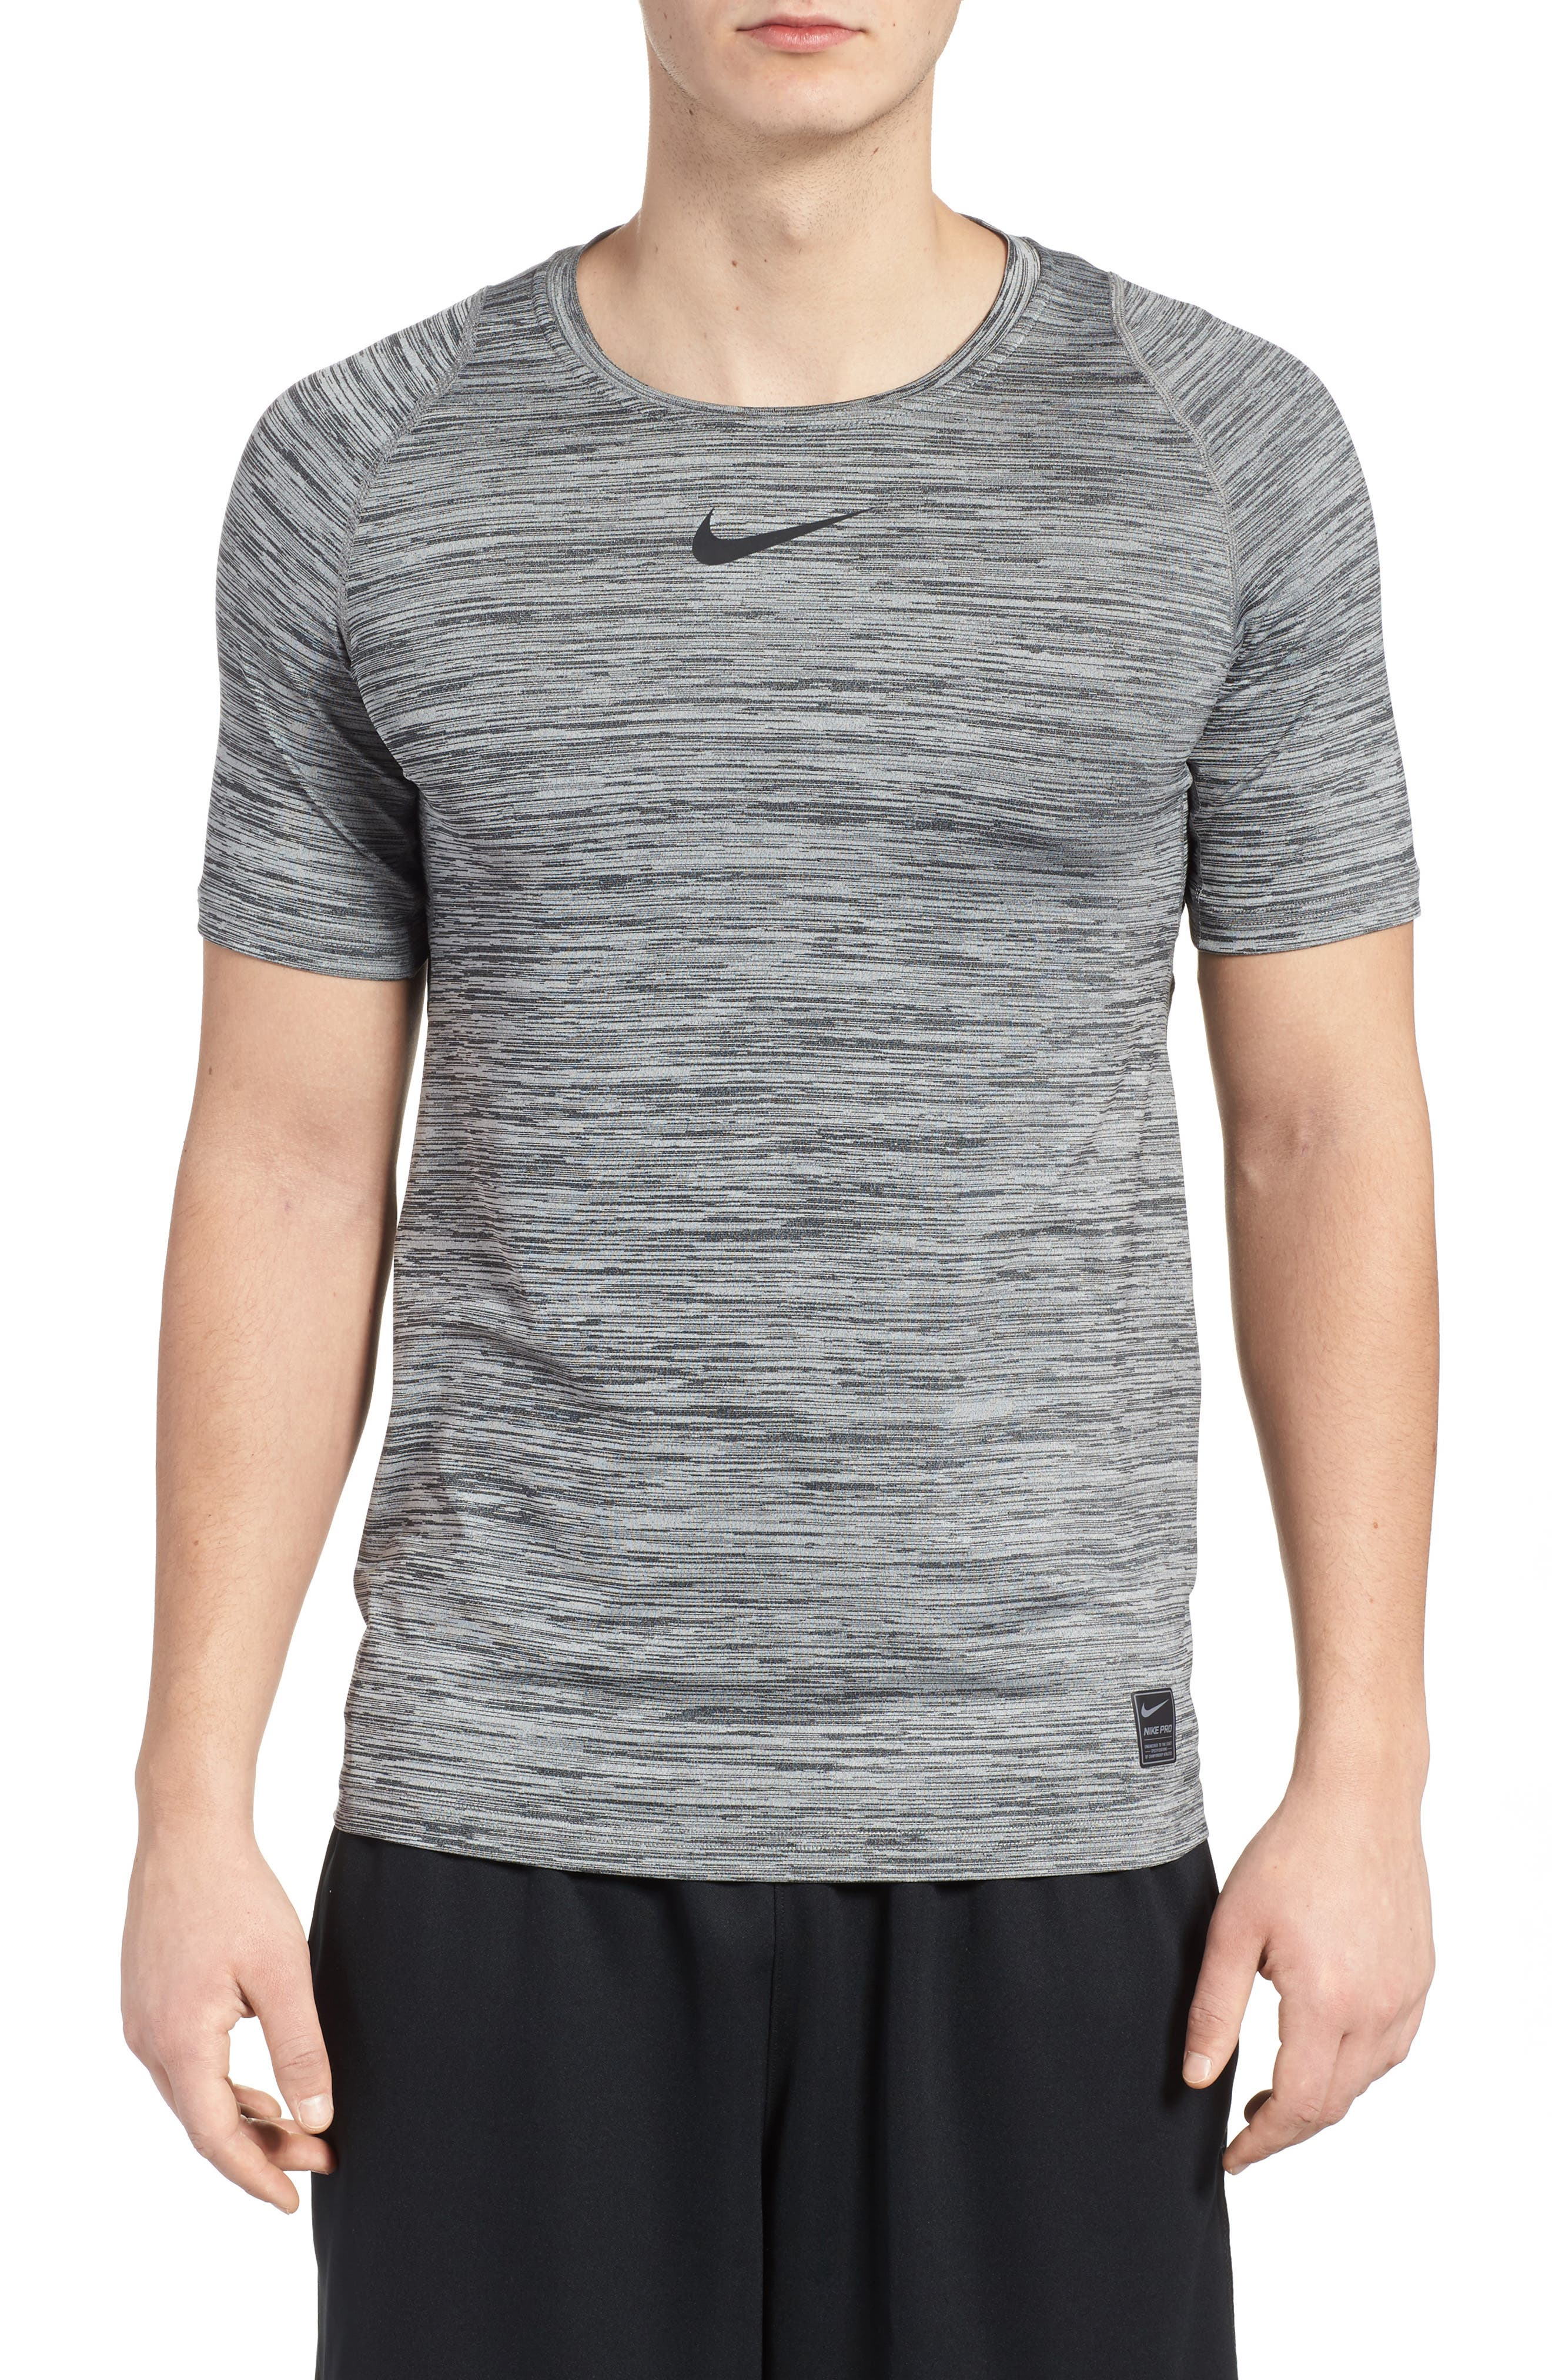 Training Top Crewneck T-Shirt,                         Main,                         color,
...
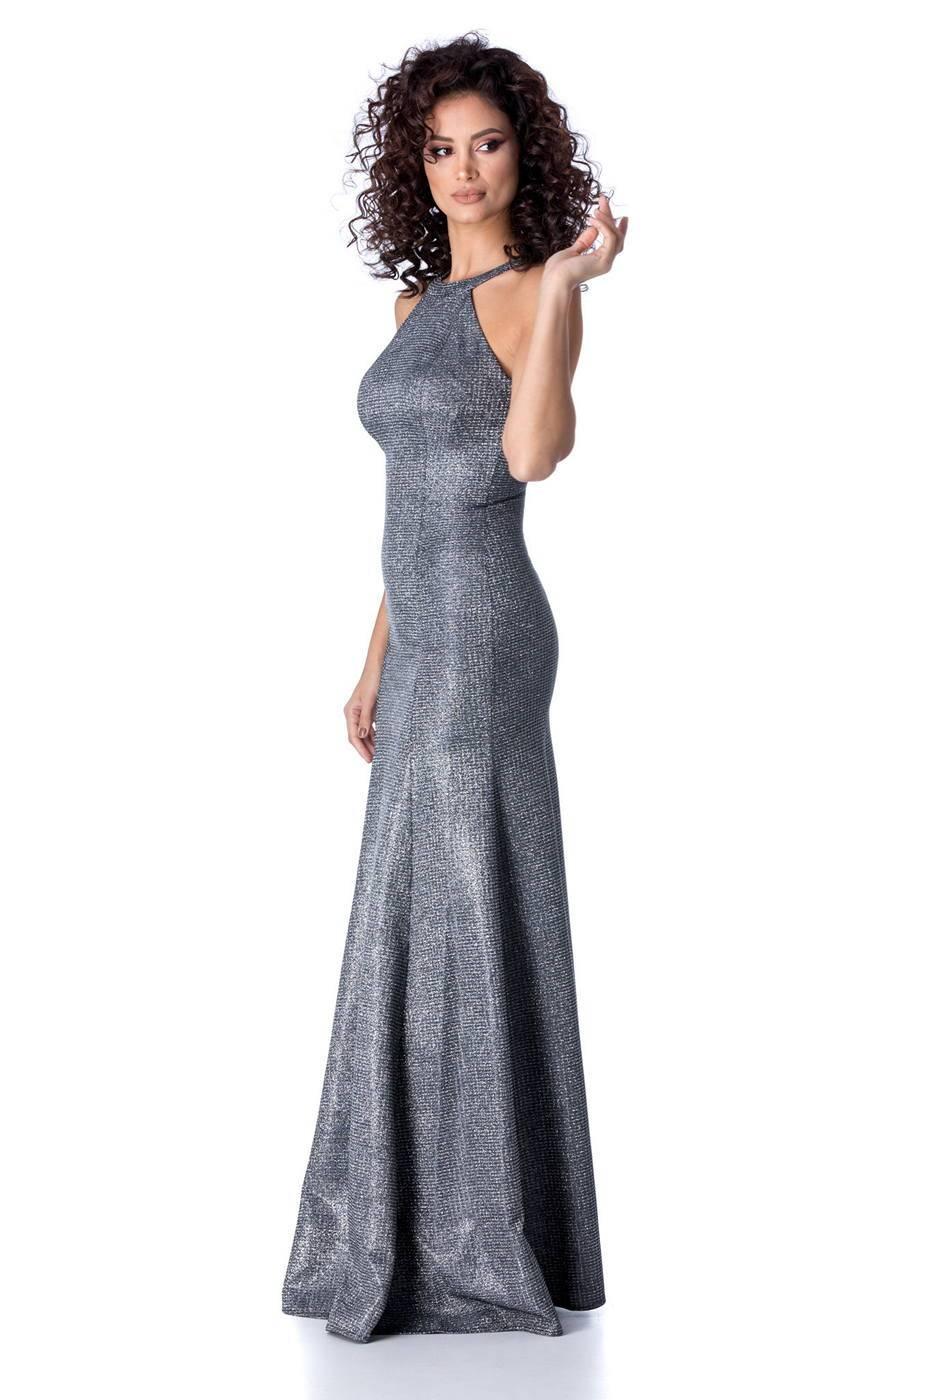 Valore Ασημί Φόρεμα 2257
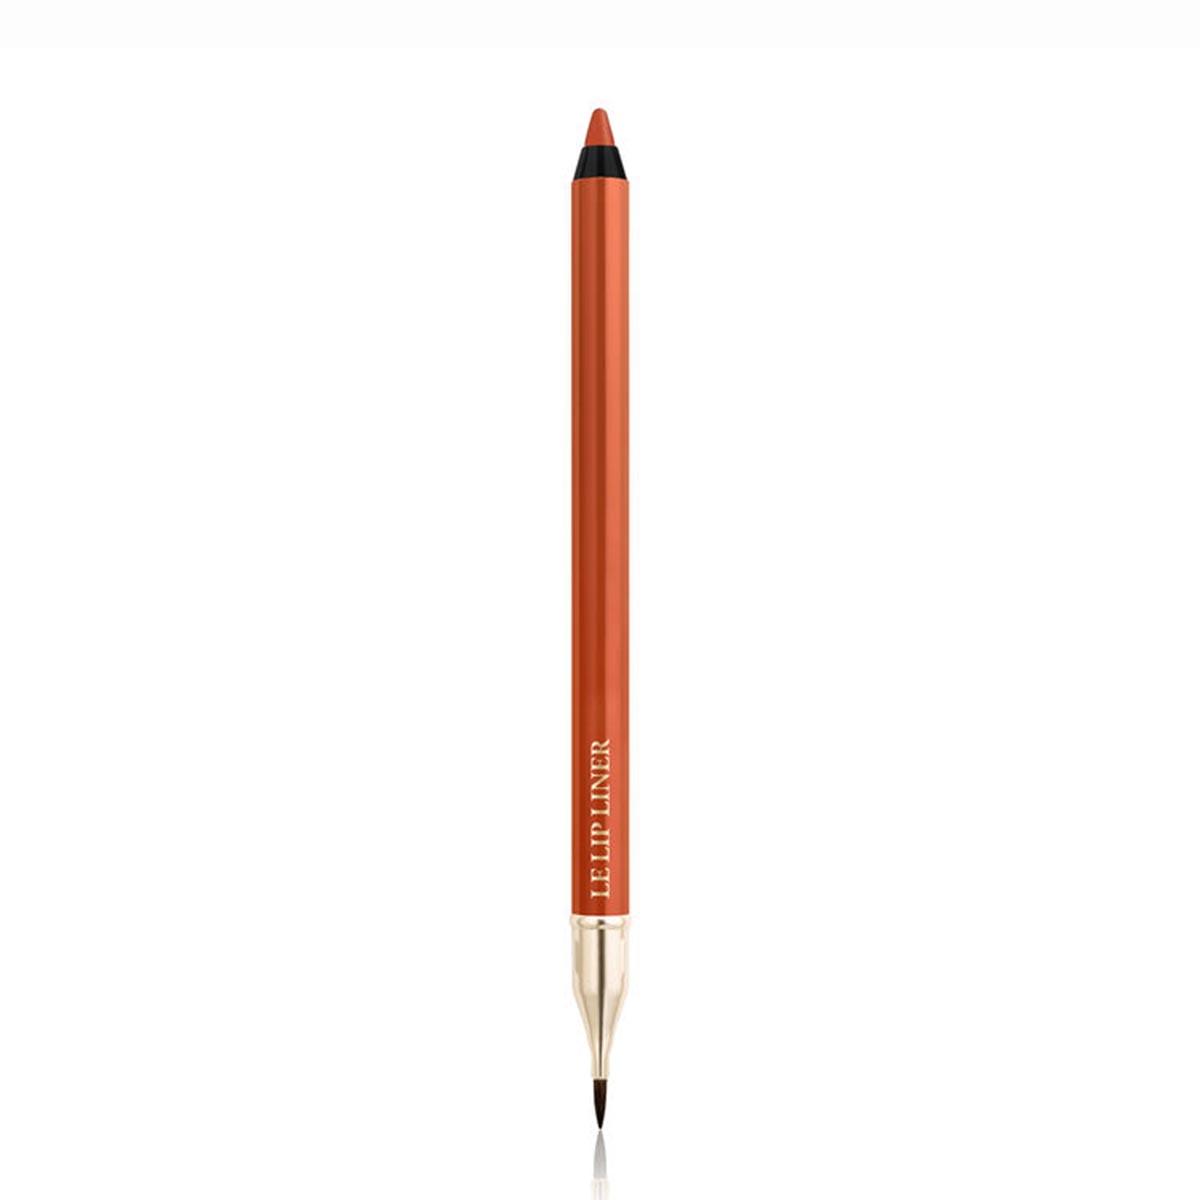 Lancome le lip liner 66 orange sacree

Task instructions: Pictures in the entries do not go into the copy. Print only the lines starting at the one containing "Valore Ασημί Φόρεμα 2257" and ending at the one containing "Lancome le lip liner 66 orange sacree", exactly as they appear.

Exercise response:
 Valore Ασημί Φόρεμα 2257
 Lancome le lip liner 66 orange sacree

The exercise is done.